[Opening Dataset section]
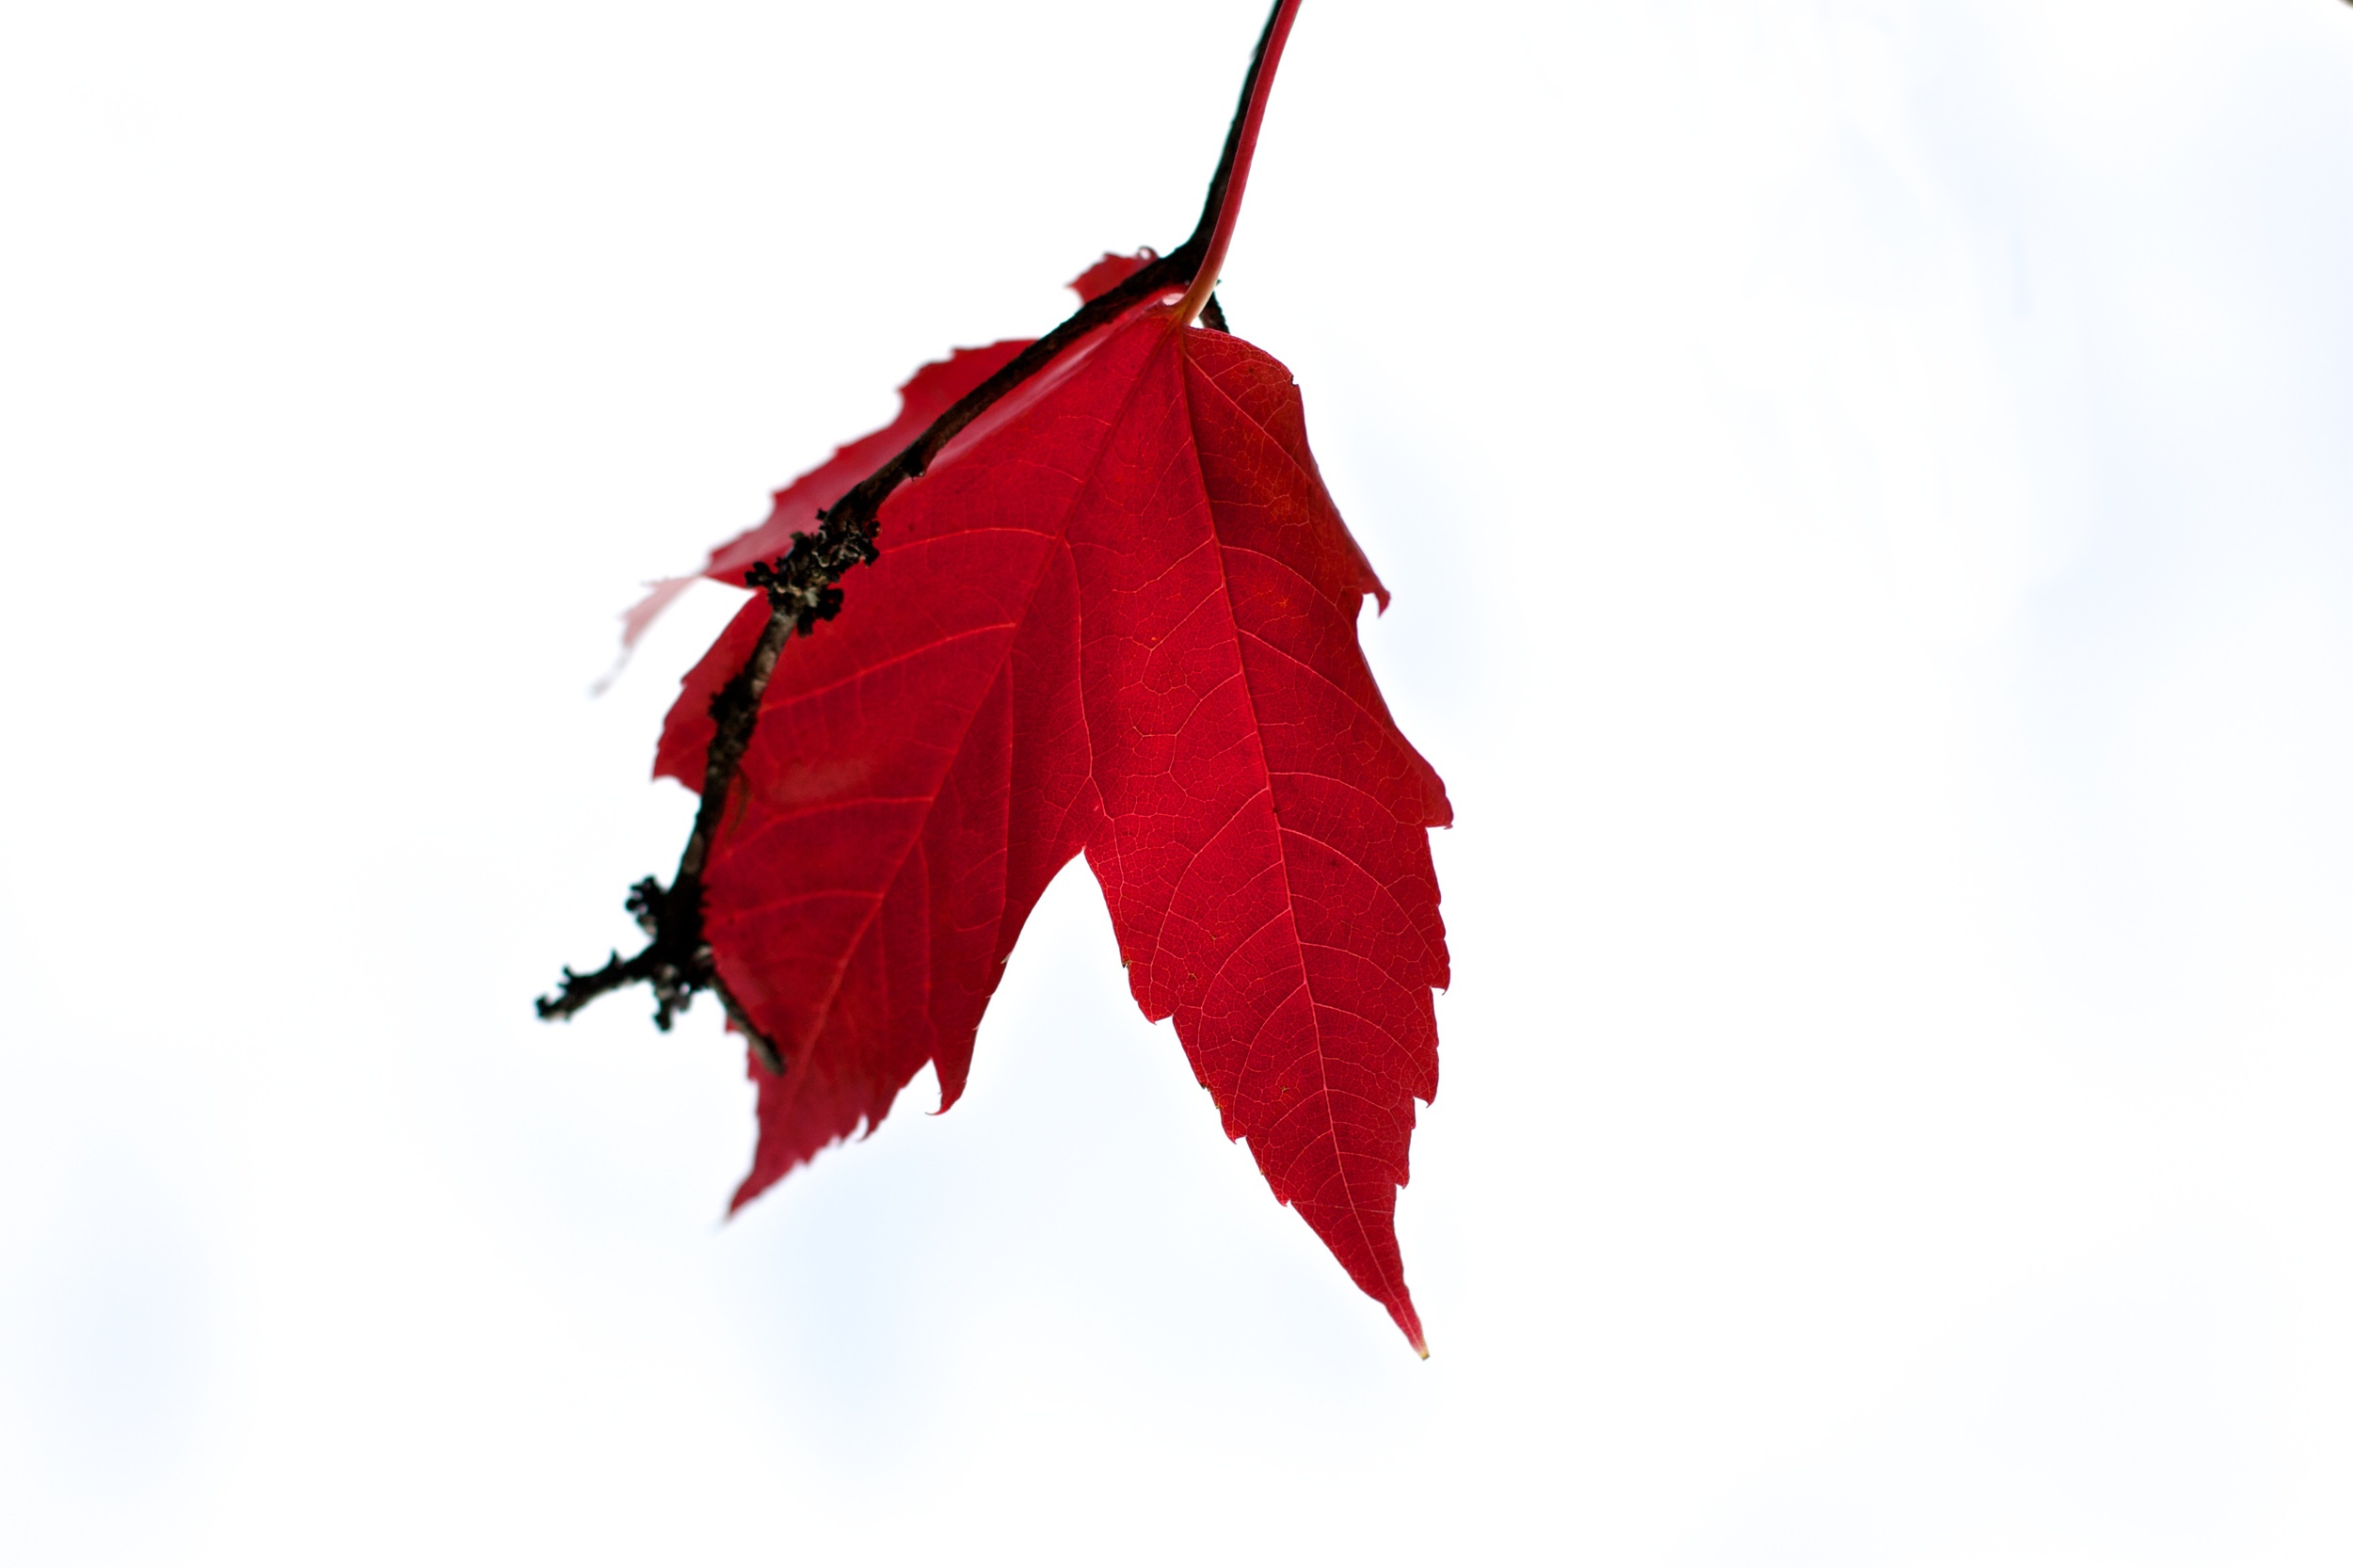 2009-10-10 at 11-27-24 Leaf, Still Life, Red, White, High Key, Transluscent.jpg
[Closing Dataset section]
[Opening Dataset section]
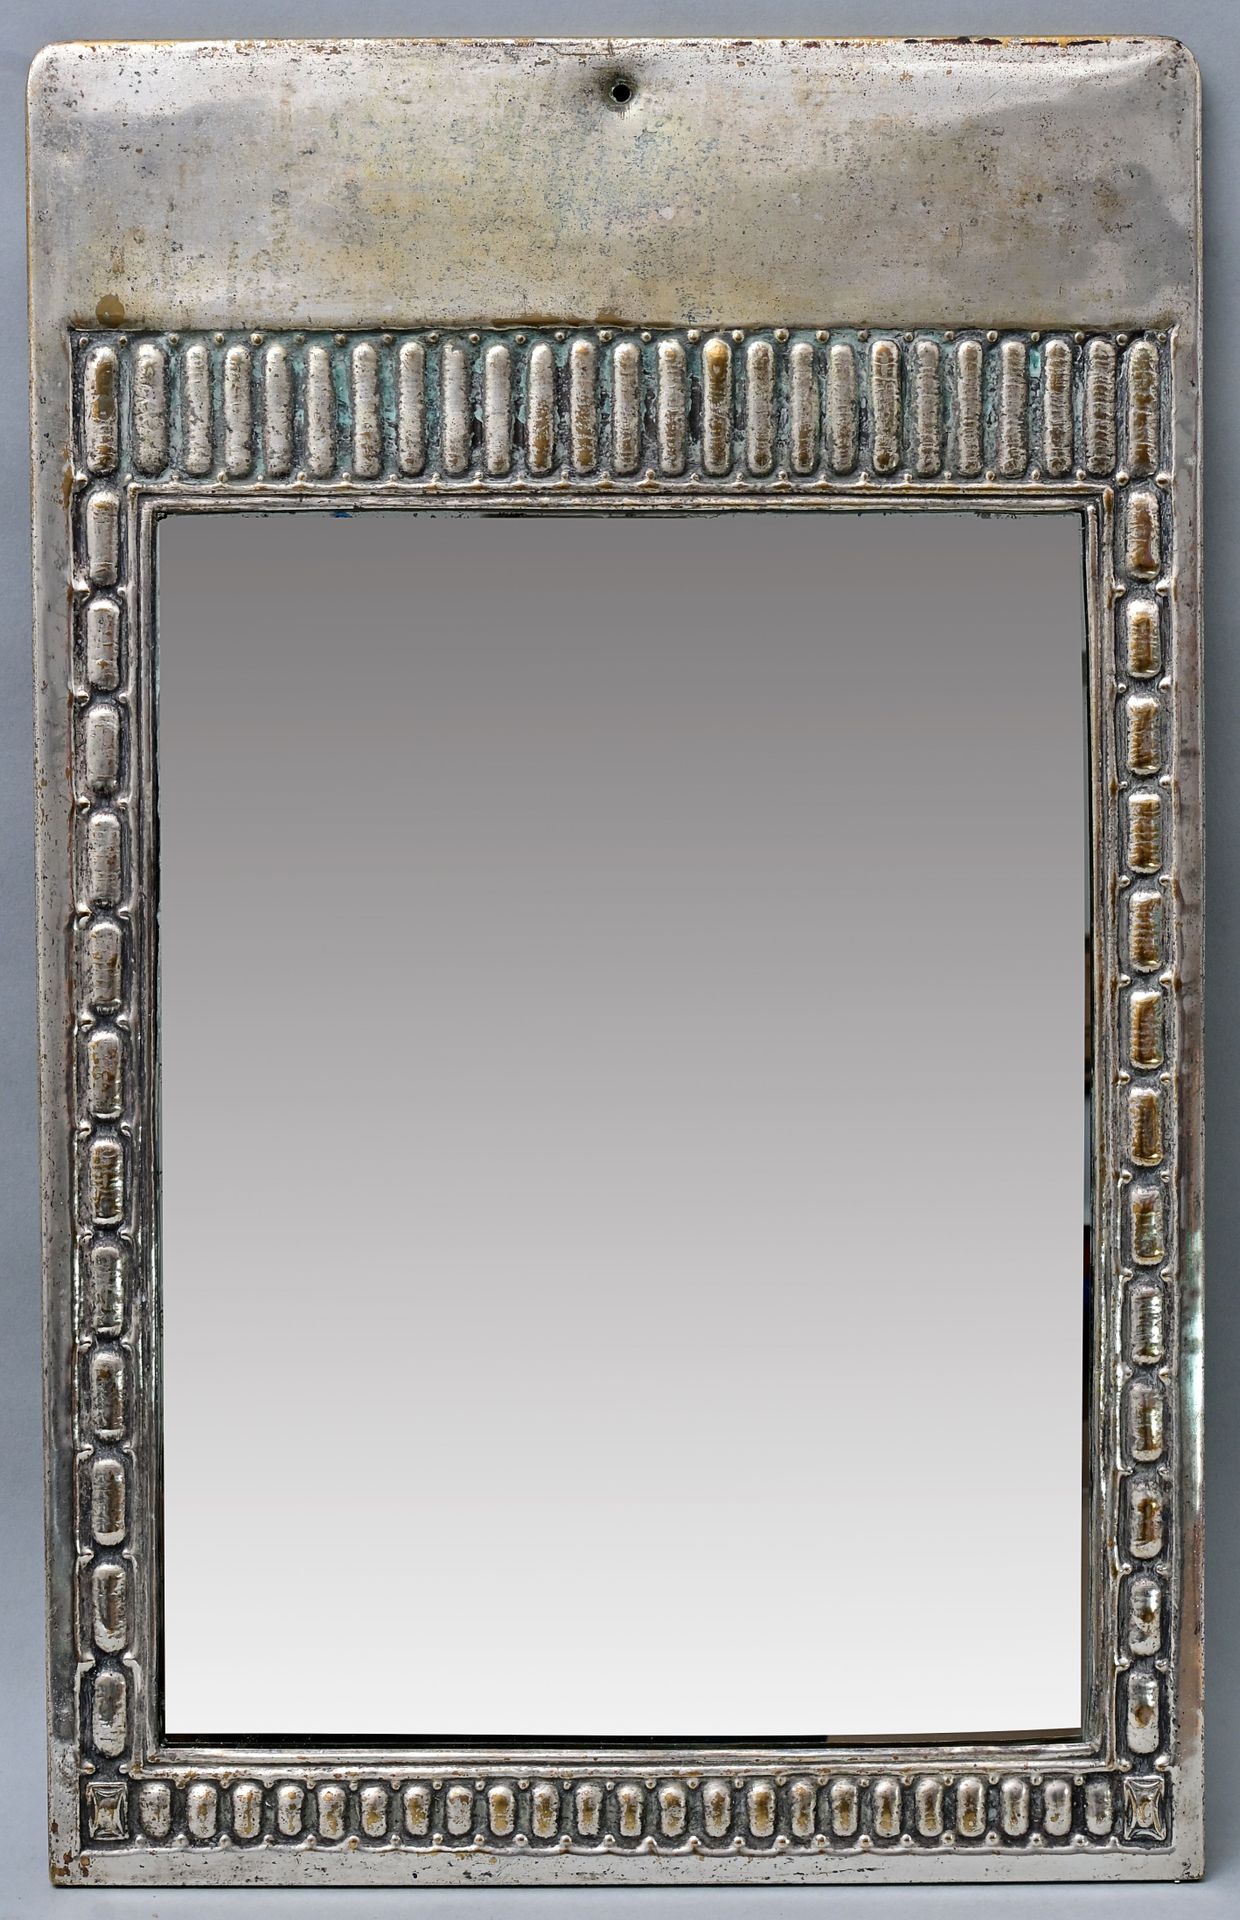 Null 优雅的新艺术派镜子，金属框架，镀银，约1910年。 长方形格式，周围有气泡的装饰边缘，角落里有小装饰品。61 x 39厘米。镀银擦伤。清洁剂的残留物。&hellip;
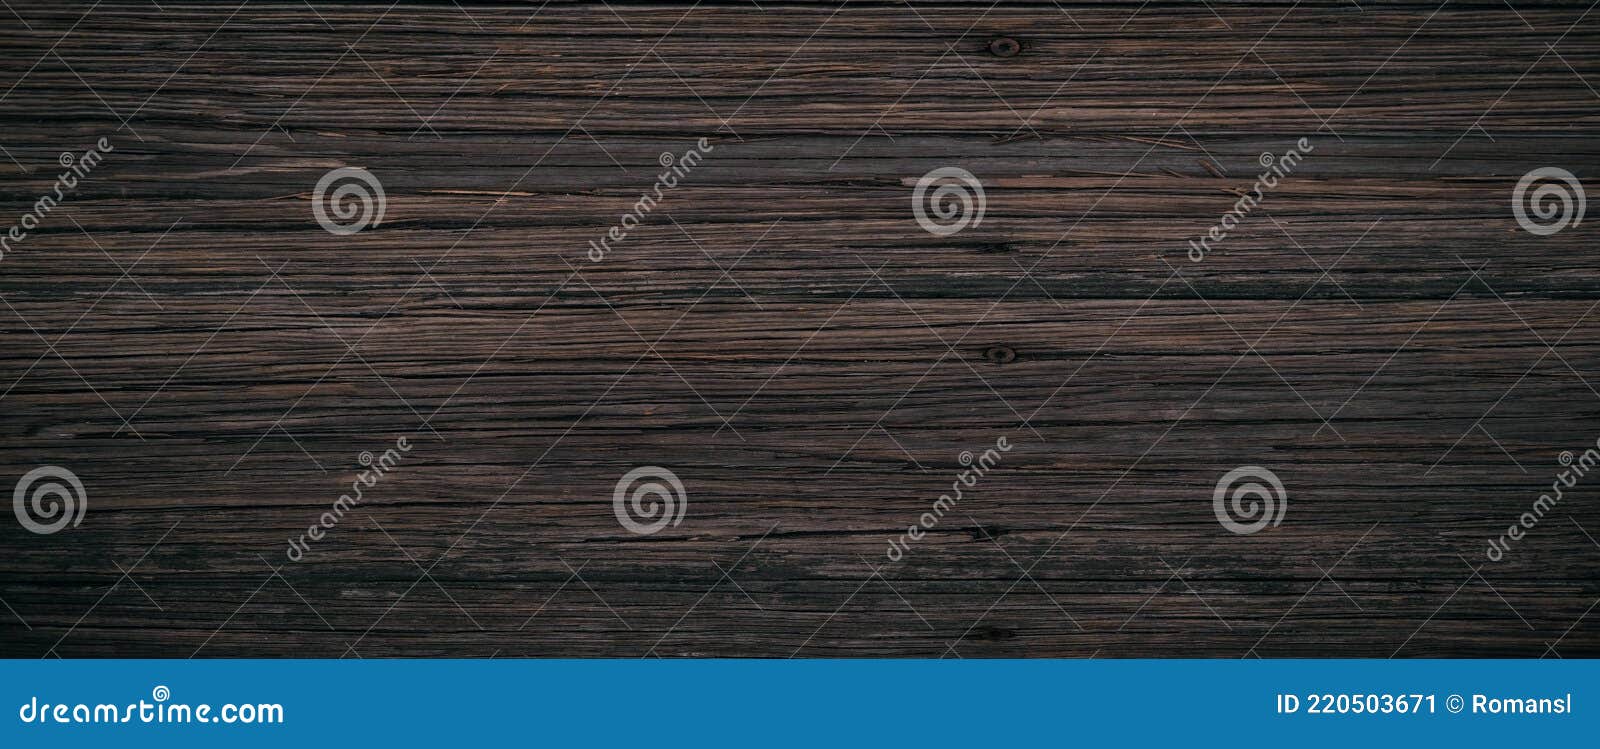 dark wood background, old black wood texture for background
[Closing Dataset section]
Nothing but the lines above, starting at the line that contains "Null 优雅的新艺术派镜子，金属框架，镀银，约1910年。 长方形格式，周围有气泡的装饰边缘，角落里有小装饰品。61" and ending at the line that contains "dark wood background, old", should be given again, exactly and without the pictures.

=== Answer to this task ===
 Null 优雅的新艺术派镜子，金属框架，镀银，约1910年。 长方形格式，周围有气泡的装饰边缘，角落里有小装饰品。61 x 39厘米。镀银擦伤。清洁剂的残留物。&hellip;
 dark wood background, old black wood texture for background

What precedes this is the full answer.